LA PAZ - O presidente Evo Morales, da Bolívia, autorizou ontem a petroleira estatal a buscar sócios estrangeiros, sejam estatais ou privados, para iniciarem uma "agressiva política" de exploração de hidrocarbonetos. Um segundo decreto promulgado pelo presidente determinou que a Yacimientos Petrolíferos Fiscales Bolivianos (YPFB) poderá iniciar a exploração de reservas no Norte de La Paz em sociedade com empresas estrangeiras.

Morales havia antecipado na sexta-feira que o sócio para a exploração em La Paz será a estatal Petróleos de Venezuela SA (PDVSA), que já assinou um acordo, embora o decreto promulgado ontem não mencione o fato. "Se a YPFB não tiver recursos econômicos suficientes, poderá associar-se com empresas estatais de todo o mundo e também com empresas transnacionais. E se não houver (interessados) poderá abrir uma licitação", disse em entrevista à imprensa no Palácio Presidencial.

"Queremos acelerar uma política agressiva de exploração", acrescentou o presidente, que em maio do ano passado nacionalizou os hidrocarbonetos e transformou as multinacionais em sócias da YPFB, a estatal que agora tem o controle do setor petroleiro, embora não disponha de capital e tecnologia para assumir a tarefa sozinha, segundo os especialistas. "A Bolívia tem muitas reservas, mas falta explorá-las", acrescentou.
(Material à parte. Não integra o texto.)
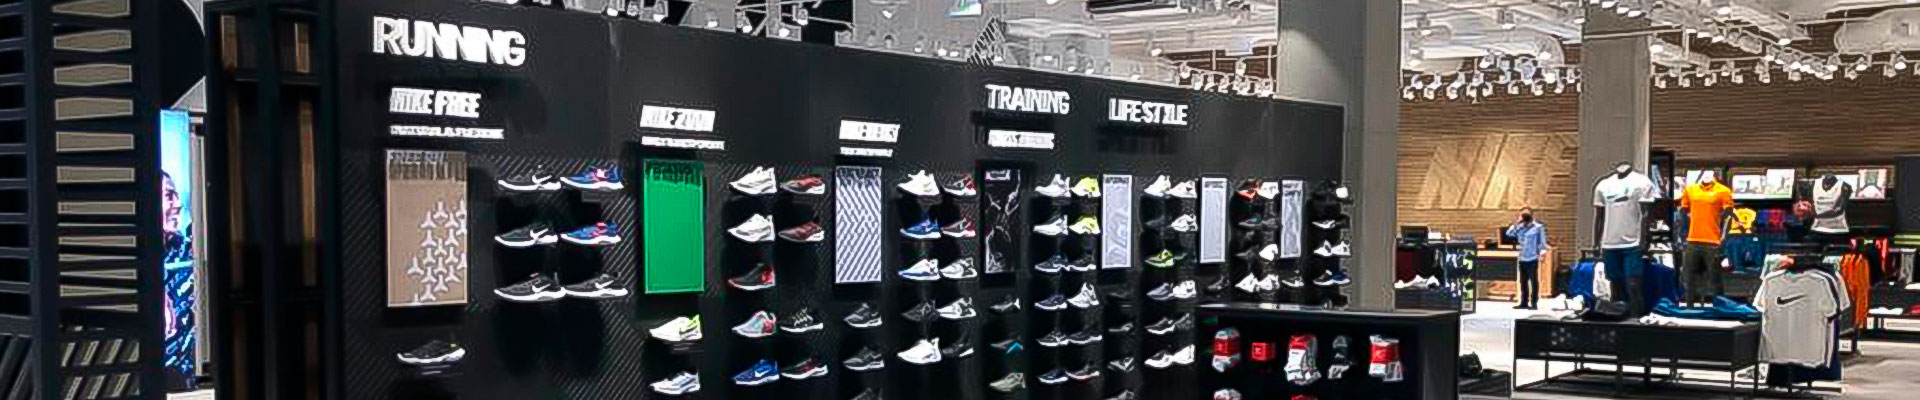 I negozi Nike del Cairo rivestiti con terrazzo Agglotech

Uma das primeiras tarefas da estatal será quantificar as reservas, depois de contraditórios informes anteriores. Estima-se que as reservas de gás natural do país sejam as segundas maiores da América do Sul, depois das da Venezuela. Sábado, o presidente tomou posse de forma simbólica das refinarias que seu governo recuperou da brasileira Petrobras, embora as negociações para concretizar a transferência devam se prolongar por dois meses. A Bolívia aceitou pagar US$ 112 milhões por essas unidades que haviam sido privatizadas em 1999.

O governante reconheceu que os investimentos das empresas que aceitaram assinar novos contratos podem demorar, pelo que decidiu "acelerar" a exploração buscando outros sócios.
A Bolívia produz diariamente cerca de 27 milhões de metros cúbicos de gás. O país exporta 26 milhões de metros cúbicos/dia para o Brasil, 5,5 milhões para a Argentina e o restante vai para o mercado local. Mas a Bolívia tem compromissos para aumentar o volume de exportação e, portanto, precisa de forma urgente aumentar a produção. A nacionalização determinada pelo governo paralisou os investimentos no setor.

COMENTANDO A NOTICIA: Alguém poderia avisar ao índio canalha que cretinice tem lugar e hora: primeiro tomou a força as refinarias e estatizou as explorações, sem pagar ou remunerar convenientemente os investimentos realizados que seu país, rasgando contratos e ameaçando a tudo e todos. Agora que contar com a “compreensão” dos investidores para aplicarem dinheiro num país que não é merecedor de confiança ? Vá se danar, Evo Morales!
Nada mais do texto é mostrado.